Malam itu, Sabtu (27/9), Lapangan Kampus II Universitas Andalas, Payakumbuh, bergetar oleh sorak-sorai. Sekitar 15 ribu penonton tumpah ruah di Sarga Festival, hajatan musik yang digelar SARGA.CO, promotor yang biasa bergerak di dunia pacuan kuda itu. Dari panggung raksasa, musisi lokal hingga nasional tampil bergantian: Jojo, Ratu Sikumbang, Fauzana, Jaguank, Banda Neira, Idgitaf, hingga DJ Damonok.
Namun, di balik gemerlap lampu dan dentuman musik, sebuah lirik mencuat, menyalakan perdebatan sengit: “Kok Indak Jodoh, Tuhan Den Paso.” Kalimat itu, disuarakan di panggung, mendadak viral ketika sesi yang dibawakan oleh DJ Damonok. Sebagian penonton tertawa, sebagian lainnya terdiam. Tak lama, amarah sebagian kalangan pun menyeruak.

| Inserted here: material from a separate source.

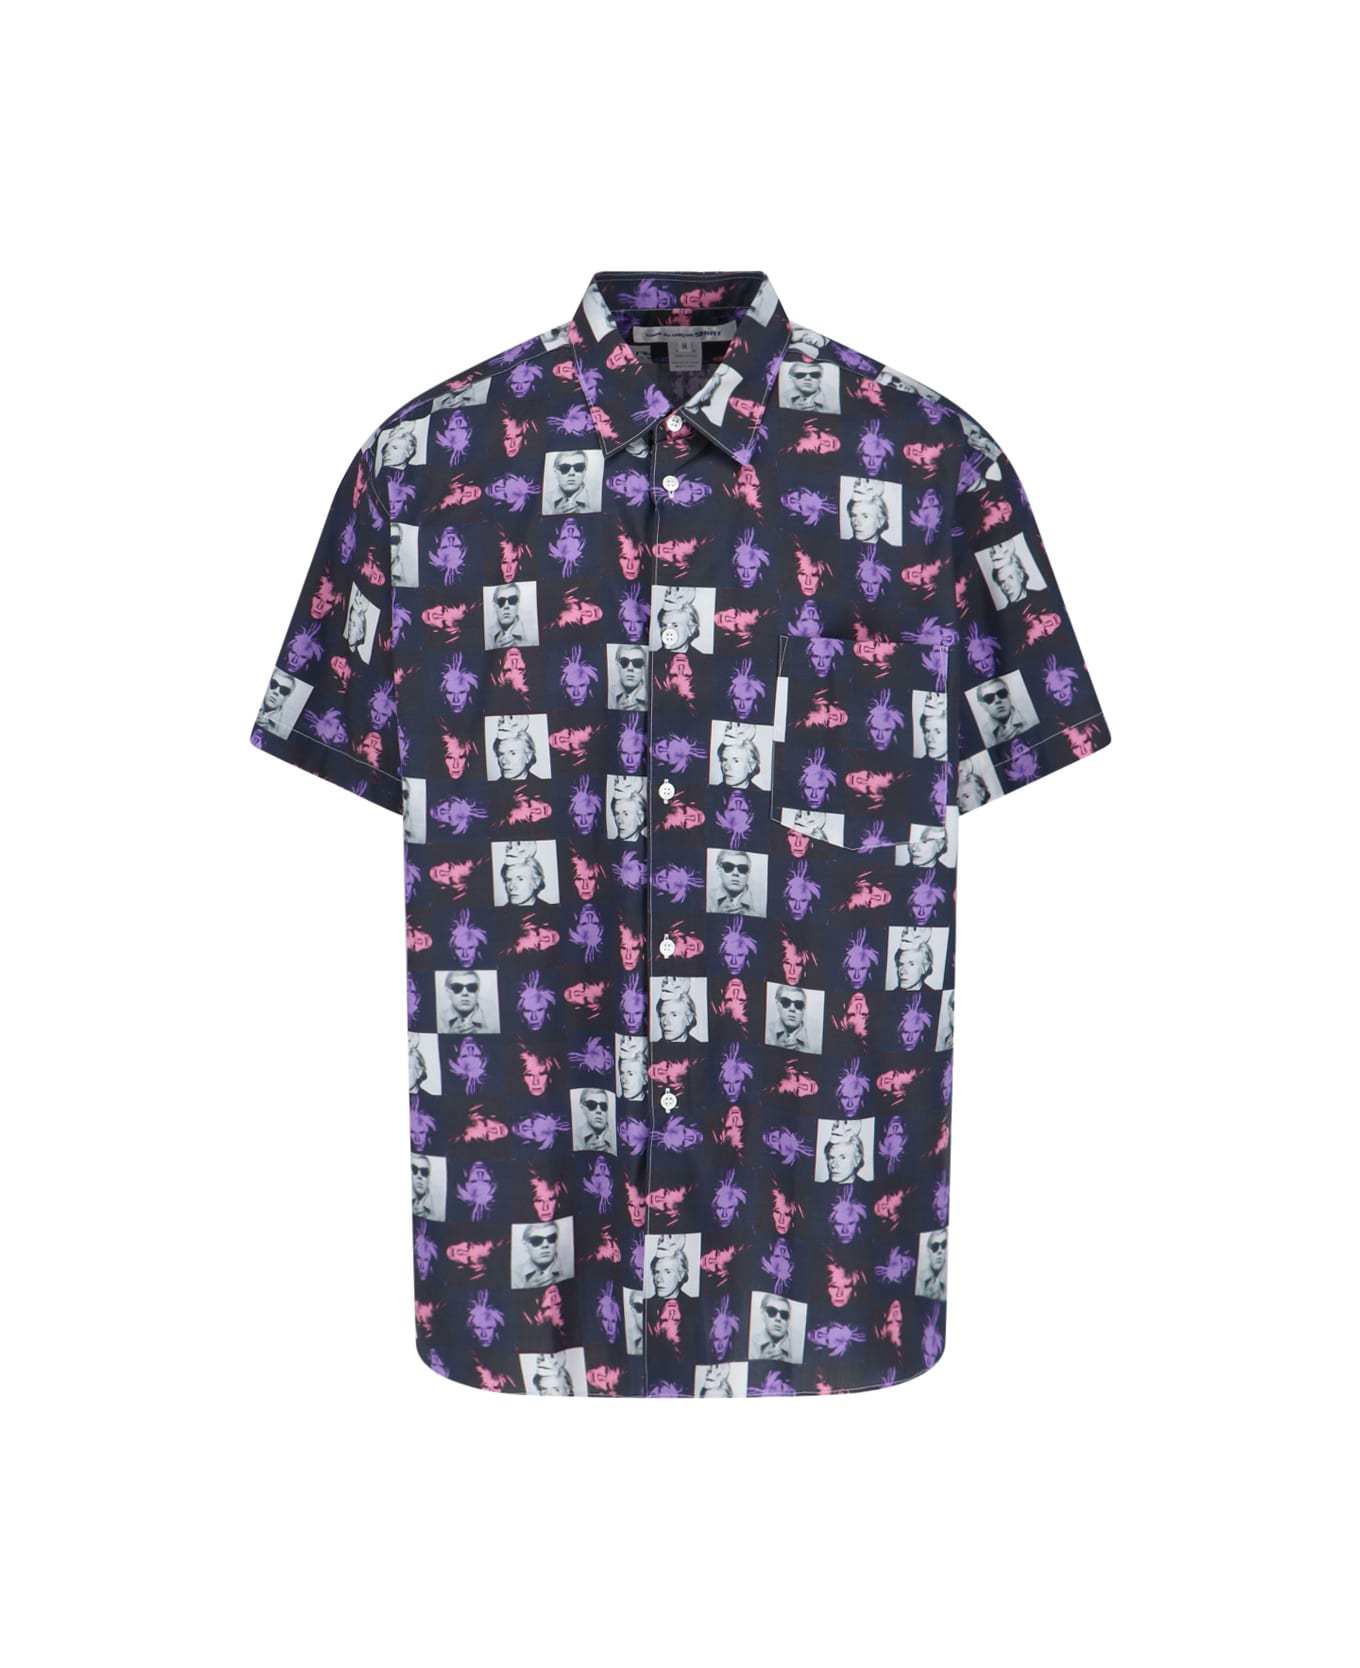 Comme des Garçons 'warhol' Shirt - Multicolor シャツ
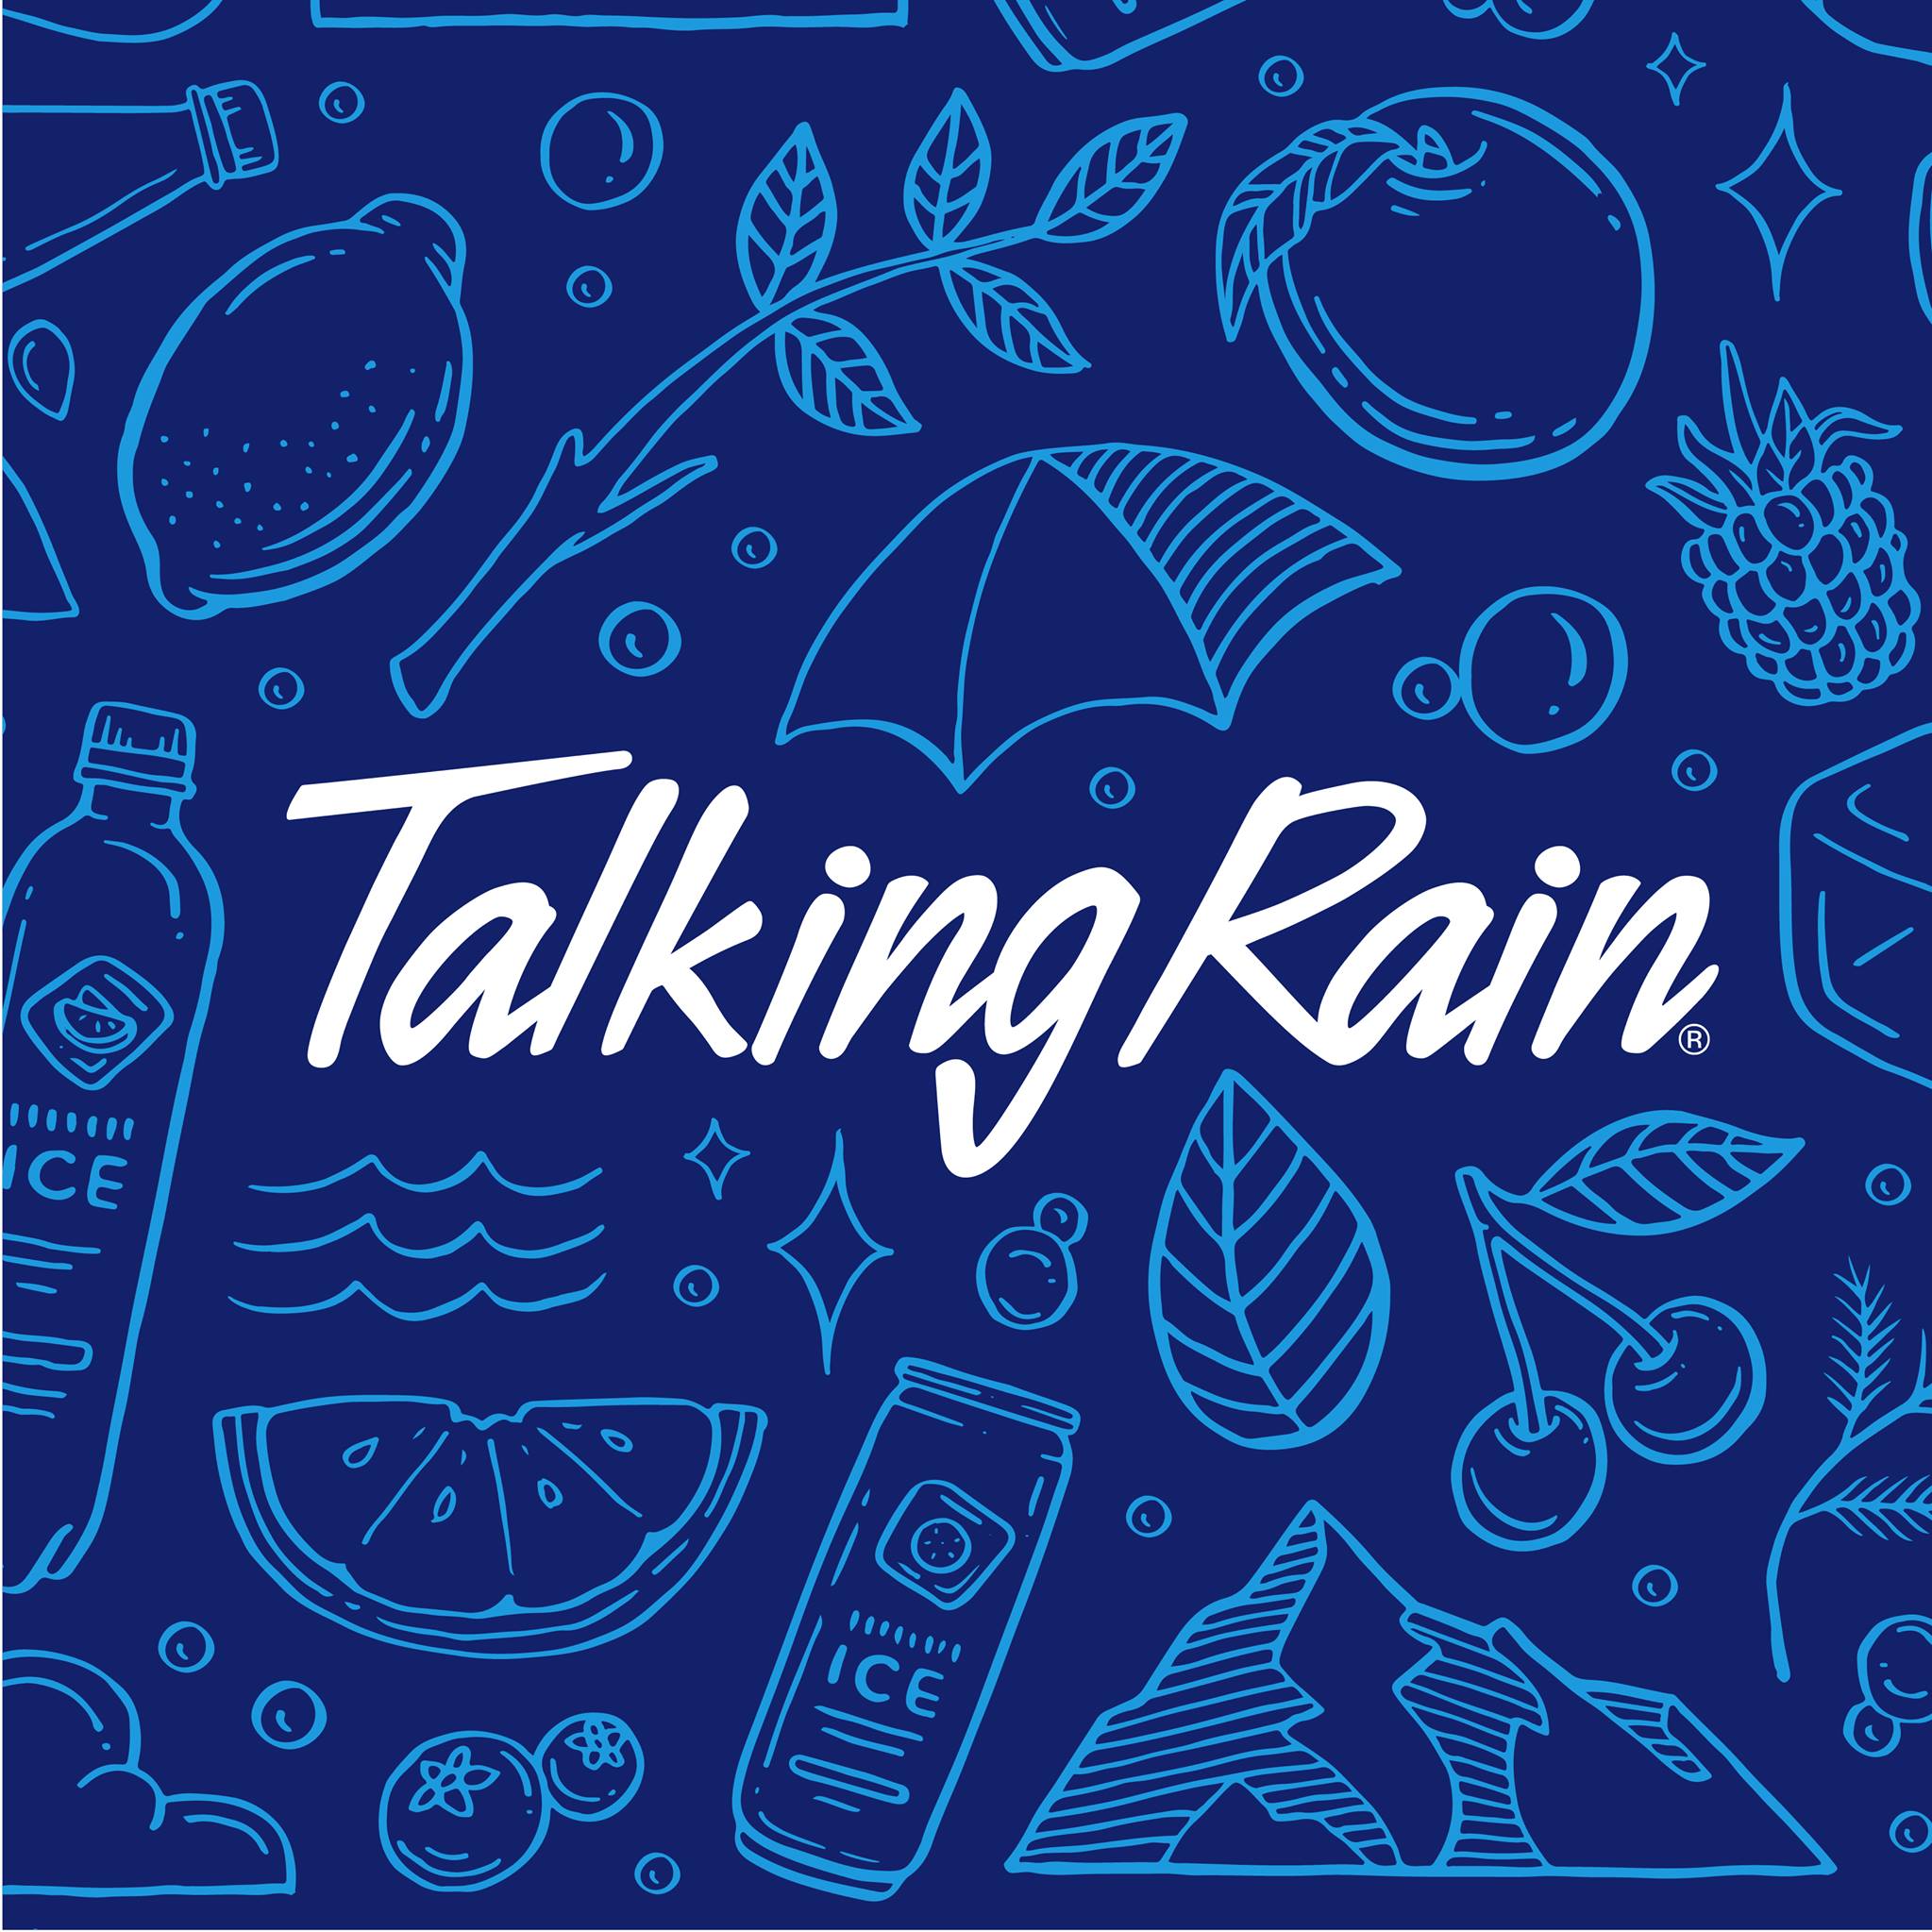 Talking Rain

Sejumlah ulama bersama tokoh masyarakat di Payakumbuh melayangkan protes tajam atas pelaksanaan Sarga Festival, konser musik yang berlangsung pada Sabtu, 27 September 2025. Kritik itu mereka sampaikan melalui sebuah video yang dipublikasikan di YouTube pada Kamis (2/10/2025).
Dalam tayangan di kanal GNPF Ulama Luak 50 tersebut, para pemuka agama menyoroti adanya lirik dalam musik DJ yang dinilai menyimpang. Kalimat “Tuhan Den Paso” terdengar diputar, padahal mestinya berbunyi “Tuhan Kuaso”. Bagi mereka, perubahan itu dianggap bentuk yang melukai rasa keagamaan.
“Insya Allah, kami orang beragama. Jangan bawa paham-paham anti agama ke kota kami,” ujar salah seorang tokoh dalam rekaman itu.
Lirik tersebut sejatinya plesetan dari syair lagu “Patah Bacinto Itu Biaso” yang dipopulerkan Ratu Sikumbang sudah sejak dari 2013. Aslinya berbunyi: “Kalau indak jodoh, Tuhan Kuaso.” Namun, kalimat yang khidmat itu diganti dengan frasa yang dianggap menodai makna: “Tuhan Aku Paksa.”
Kemarahan berbagai pihak tersulut, dan menghadirkan kontroversi. Ustadz Derry Sulaiman, dai sekaligus musisi religi, ikut angkat suara melalui akun Instagram @derrysulaiman.
“Buat sahabat-sahabat yang bukan orang Minang, saya jelaskan makna ‘Tuhan Den Paso’ itu adalah aku memaksa Tuhan, kalau tidak jodoh aku paksa Tuhan,” ucapnya.
Menurut Derry, meminta dengan ‘memaksa’ Allah sesungguhnya diperbolehkan namun sayangnya itu dilakukan atau disuarakan disebuah konser musik
“Memaksa Allah itu boleh-boleh saja, tapi dengan cara yang beradab: di sepertiga malam, lirihkan suara, tundukkan kepala, merayu Allah. Kalau dengan amalan, itu oke,” katanya.
Menurutnya dengan meneriakkan kalimat tersebut di konser sambil tertawa dan seolah mengejek, maka hal ini yang membuat umat Islam meradang.
“Ini kan di konser, berteriak ‘Tuhan Den Paso’ sambil tertawa, sambil mengejek lah pokoknya. Kalimat itulah yang membuat umat Islam meradang dan ulama marah. Ini nggak baik kalau kalimat itu dipakai di lagu DJ di Payakumbuh,” ujarnya.
Pria kelahiran Nagari Saniangbaka, Kecamatan X Koto Singkarak, Kabupaten Solok, pada 1 Agustus 1978 itu juga mengajak publik memperbanyak istighfar atas kejadian itu. Ia juga mengingatkan pentingnya peran ulama dan umara dalam mengawal hajatan budaya semacam ini.
“Ke depan, harus ada ketentuan dan kaidah yang jelas, agar tidak lagi muncul lirik yang dipelesetkan dengan kalimat tidak pantas,” katanya.